For our application, the noise can be considered to be white, which means that \({\mathbf {C}}= {\mathbf {I}}\). However, for completeness, we consider the general case. In case \({\mathbf {R}}={\mathbf {I}}\), Eq. (17) reduces to a minimization problem with standard Tikhonov regularization [36]. The optimal value of the regularization parameter \(\tau\) is usually unknown. An approach that is often used to find a suitable value is the L-curve method [16]. By taking the gradient and setting it equal to \({\mathbf {0}}\), the normal equations are obtained:

$$\begin{aligned} ({\mathbf {A}}^{\mathrm{H}}{\mathbf {C}}^{-1}{\mathbf {A}}+\tau {\mathbf {R}}){\mathbf {x}}= {\mathbf {A}}^{\mathrm{H}}{\mathbf {C}}^{-1}{\mathbf {b}}. \end{aligned}$$
(18)

Again, the conjugate gradient method can be used to solve Eq. (18).
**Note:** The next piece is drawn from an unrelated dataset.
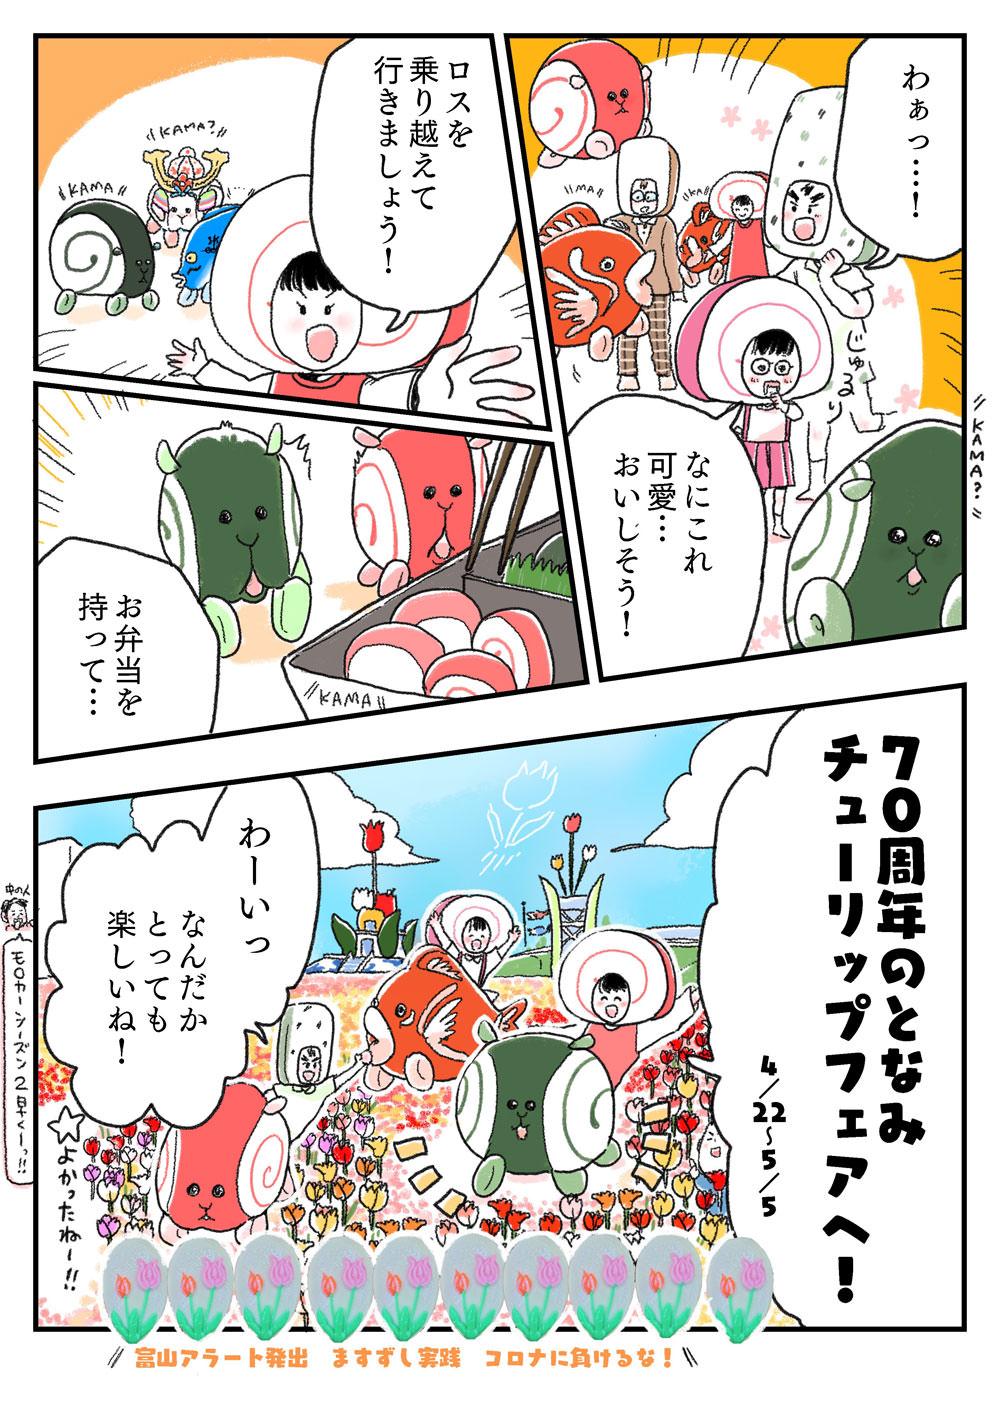 ウメカマンガ(巻) 5モル目 KAMA KAMA ウメカマー!かまぼこが車になって大騒動!

We will use the term GCGLS (generalized CGLS) to refer to the conjugate gradient method applied to the normal Eq. (18).

Saunders [30] extended Craig’s method, which is mathematically equivalent to CGME, to the regularized least-squares problem with \({\mathbf {C}}={\mathbf {I}}\) and \({\mathbf {R}}={\mathbf {I}}\). He introduces an additional variable \({\mathbf {s}}\) and considers the constrained minimization problem

$$\begin{aligned}&\min \limits _{{\mathbf {x}},{\mathbf {s}}} \frac{1}{2}\left\| \begin{pmatrix}{\mathbf {x}}\\ {\mathbf {s}}\end{pmatrix} \right\| ^2\nonumber \\&{\text {subject to }} \begin{pmatrix} {\mathbf {A}}&\sqrt{\tau }{\mathbf {I}}\end{pmatrix} \begin{pmatrix}{\mathbf {x}}\\ {\mathbf {s}}\end{pmatrix} = {\mathbf {b}}. \end{aligned}$$
(19)

By defining \(\tilde{{\mathbf {r}}} = \sqrt{\tau } {\mathbf {s}}= {\mathbf {b}}-{\mathbf {A}}{\mathbf {x}}\), he shows that this constrained minimization problem is equivalent to

$$\begin{aligned} \min \limits _{{\mathbf {x}}} \frac{1}{2} \Vert {\mathbf {A}}{\mathbf {x}}- {\mathbf {b}}\Vert ^2 + \frac{1}{2}\tau \Vert {\mathbf {x}}\Vert ^2. \end{aligned}$$
(20)

For every \(\tau >0\), \(\begin{pmatrix} {\mathbf {A}}&\sqrt{\tau }{\mathbf {I}}\end{pmatrix} \begin{pmatrix}{\mathbf {x}}\\ {\mathbf {s}}\end{pmatrix} = {\mathbf {b}}\) is consistent, and hence, Eq. (19) can be solved using CGME. Unfortunately, no advantages to using CGME were found. Note that such a reformulization is necessary because the standard way of including the regularization matrix \({\mathbf {R}}={\mathbf {I}}\), by simply solving the so-called damped least-squares problem

$$\begin{aligned} \begin{pmatrix} {\mathbf {A}}\\ \sqrt{\tau } {\mathbf {I}}\end{pmatrix} {\mathbf {x}}= \begin{pmatrix} {\mathbf {b}}\\ {\mathbf {0}} \end{pmatrix} \end{aligned}$$
(21)

using CGME, is not possible, due to the inconsistency of the system. Reformulation of CGME for general-form regularization can be achieved using a Schur complement approach as will be shown as follows.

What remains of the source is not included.